Escalating tensions between the US and Iran boosted the safe-haven dollar, while strong Canadian employment data limited the dollar's gains against the Canadian dollar.
2026-07-13 13:57:15

The US military recently launched another round of military strikes against multiple targets within Iran, focusing on weakening Iran's ability to disrupt commercial shipping in the Strait of Hormuz. Subsequently, Iran launched drone and missile attacks against US allies in the Middle East, targeting Kuwait, Qatar, Bahrain, and Jordan, further escalating regional tensions. Simultaneously, Iran announced the closure of the Strait of Hormuz until further notice , rapidly fueling market concerns about the stability of global energy supplies. The Strait of Hormuz handles approximately 20% of global seaborne crude oil transport ; continued disruptions to this transport could keep international crude oil prices high and further push up global inflation expectations. Against the backdrop of rising safe-haven demand, the US dollar, as a traditional safe-haven asset, continues to attract capital, providing support for the USD/CAD exchange rate.
However, the Canadian dollar's fundamentals remain robust. Data released by Statistics Canada showed that Canada added 18,200 jobs in June , higher than the market expectation of 10,000, continuing the job growth momentum from May; at the same time, the unemployment rate fell from 6.6% to 6.5% , better than market expectations, indicating that the Canadian labor market remains resilient. This data eased market concerns about a slowdown in the Canadian economy and provided some support for the Canadian dollar.
Regarding monetary policy, the market widely expects the Bank of Canada to maintain its overnight interest rate at 2.25% at this week's policy meeting and likely continue to maintain its current policy stance for some time to come. Given the generally moderate inflationary pressures and gradual recovery of economic activity in Canada, the market believes there is limited need for the Bank of Canada to adjust its policy in the short term, which also helps stabilize the Canadian dollar.
This week, the market's focus will shift to the US June Consumer Price Index (CPI) data. If the US inflation data is lower than market expectations, bets on further tightening by the Federal Reserve may cool, putting pressure on the dollar and posing a risk of decline against the Canadian dollar. Conversely, if inflation remains strong, it could further reinforce expectations that the Fed will maintain high interest rates, providing new upward momentum for the dollar.
From a technical perspective, the USD/CAD pair has shown signs of stabilization after a period of consolidation, with the exchange rate returning to the vicinity of its short- and medium-term moving averages.

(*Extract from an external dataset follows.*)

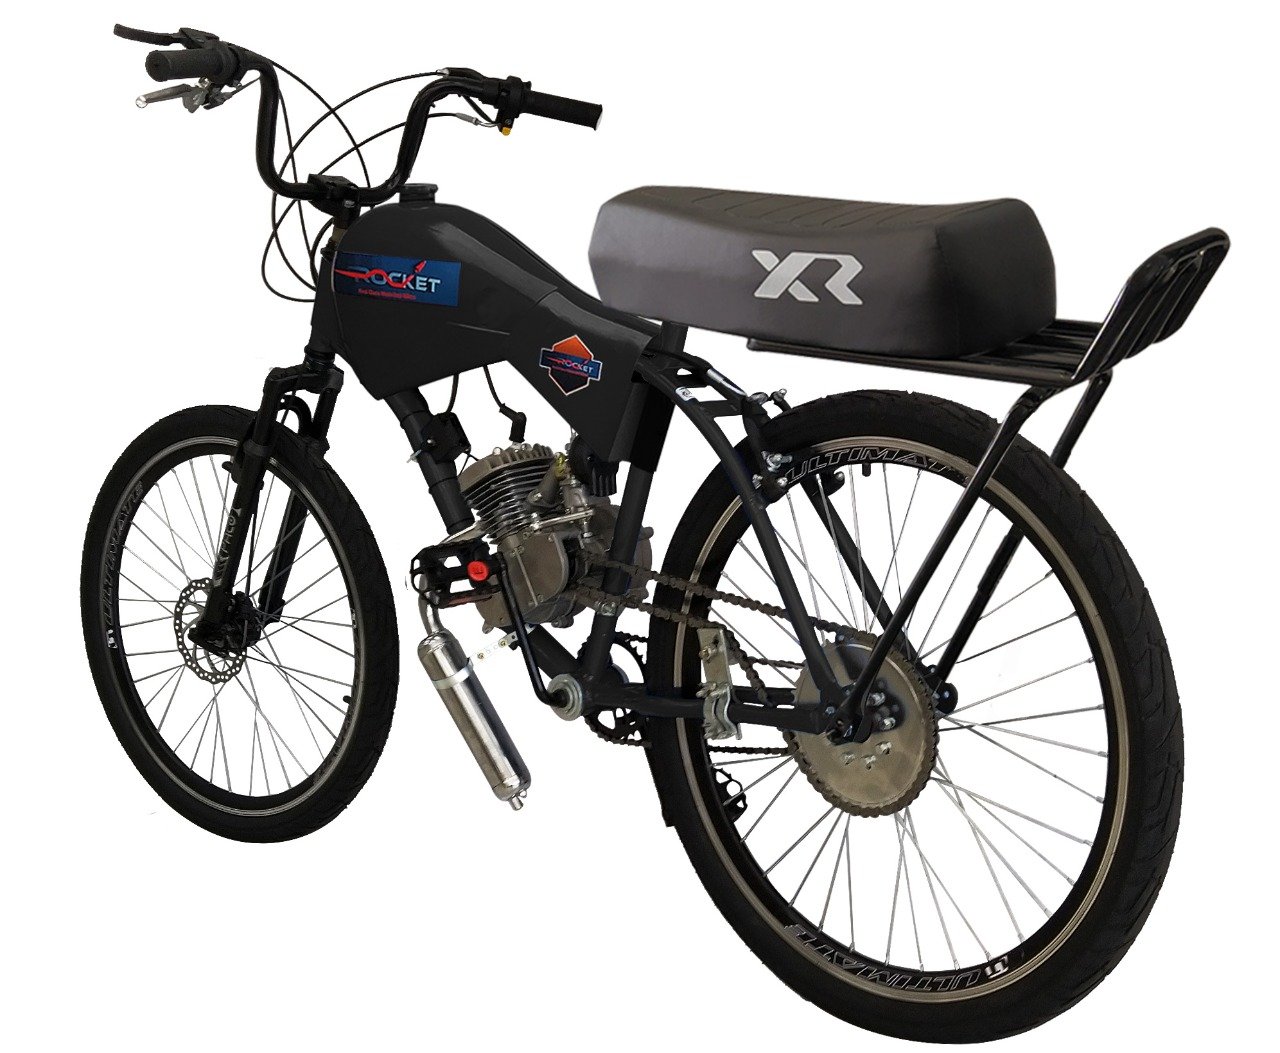 Bicicleta Motorizada 80cc Fr Disc/Susp com Carenagem Banco XR Rocket - 3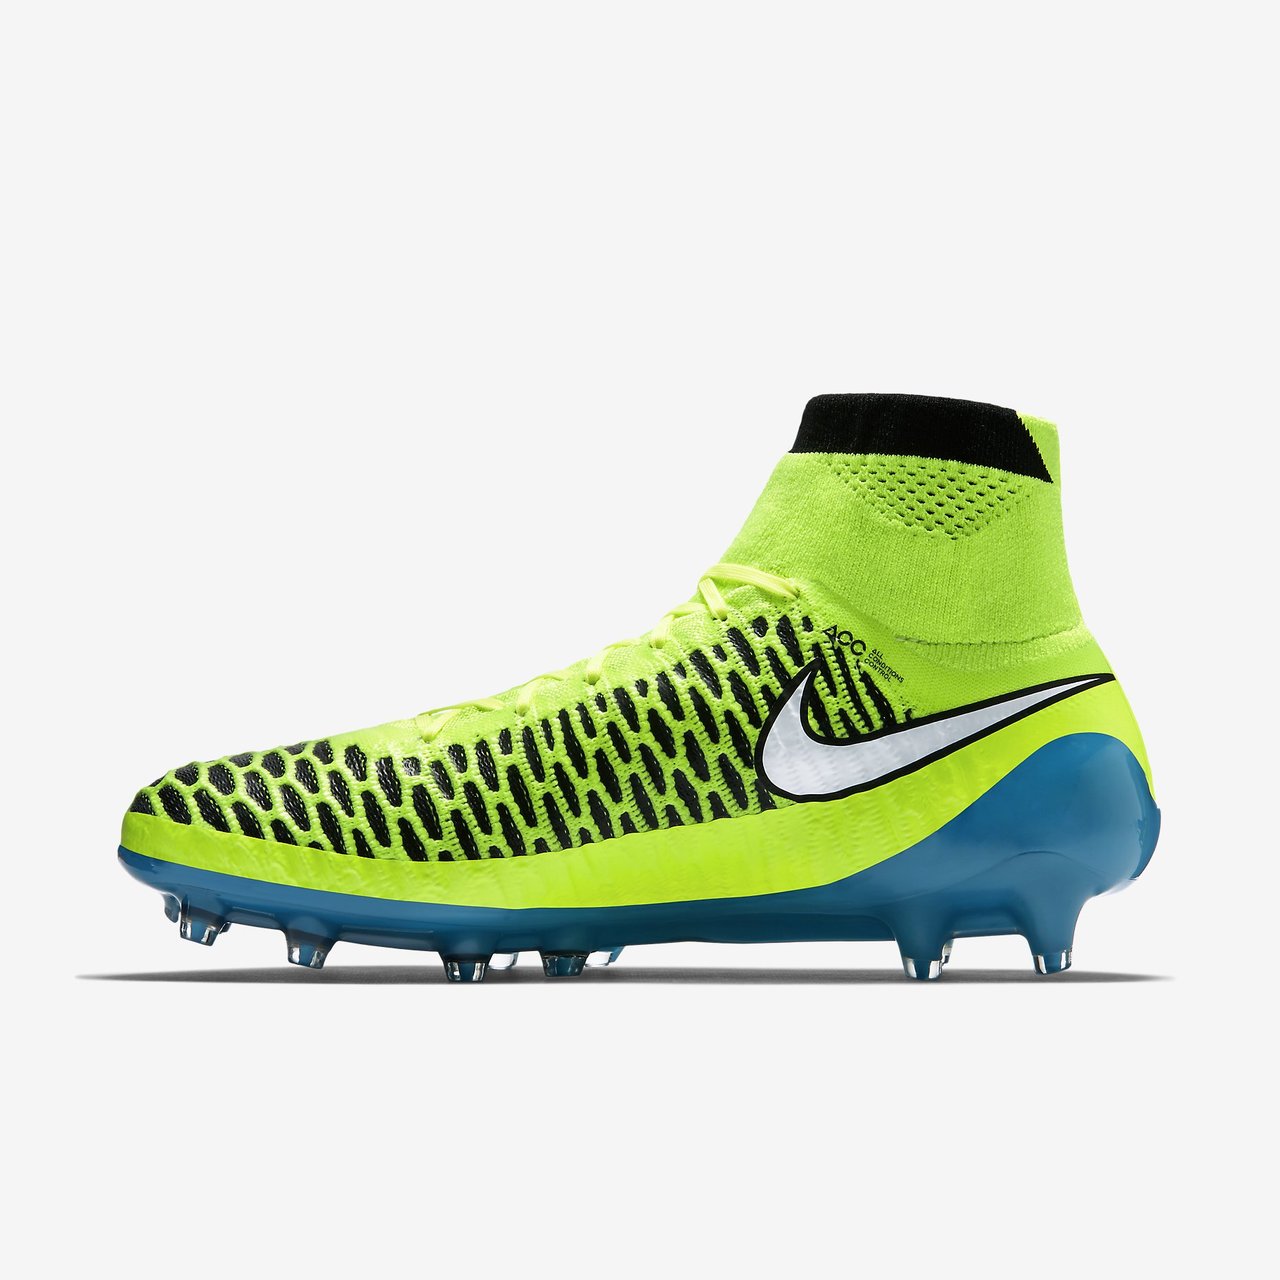 Deals on Nike Men's Magista Onda II Fg Football Shoes

The MACD indicator shows a continued shortening of the green bars, with the two lines showing signs of forming a golden cross, indicating a weakening of bearish momentum. The RSI has rebounded to near the neutral zone, suggesting improved short-term market sentiment. If the exchange rate breaks through 1.4200 , it is expected to further test the resistance areas of 1.4250 and 1.4300 . On the downside, key support levels to watch are 1.4120 , 1.4050 , and 1.4000 . A break below these levels could open up further downside potential.
From a 4-hour chart perspective, the USD/CAD pair has rebounded after a decline, with the price regaining its position above the short-term moving average. The MACD is near the zero line and gradually strengthening, while the RSI has risen above 50, indicating increased short-term buying pressure. However, considering the robust Canadian employment data and the support for the Canadian dollar from rising international oil prices, the exchange rate is likely to remain range-bound in the short term. If US CPI data pushes the US dollar further stronger, the exchange rate could break through 1.4200; if inflation data is lower than expected, the USD/CAD pair may retest the support level around 1.4120.

Editor's Summary : The USD/CAD exchange rate is currently influenced by both risk aversion and the fundamentals of the Canadian economy. Escalating tensions between the US and Iran have strengthened the US dollar, while continued improvement in the Canadian job market and expectations of a stable policy from the Bank of Canada have enhanced the resilience of the Canadian dollar , keeping the exchange rate within a generally volatile range. Looking ahead, the US June CPI data, the Bank of Canada's interest rate decision, and developments in the Middle East will remain the core factors influencing the USD/CAD exchange rate. If US inflation remains resilient, the US dollar is likely to maintain its advantage; if inflation cools and international oil prices continue to rise, the Canadian dollar's performance is expected to improve further.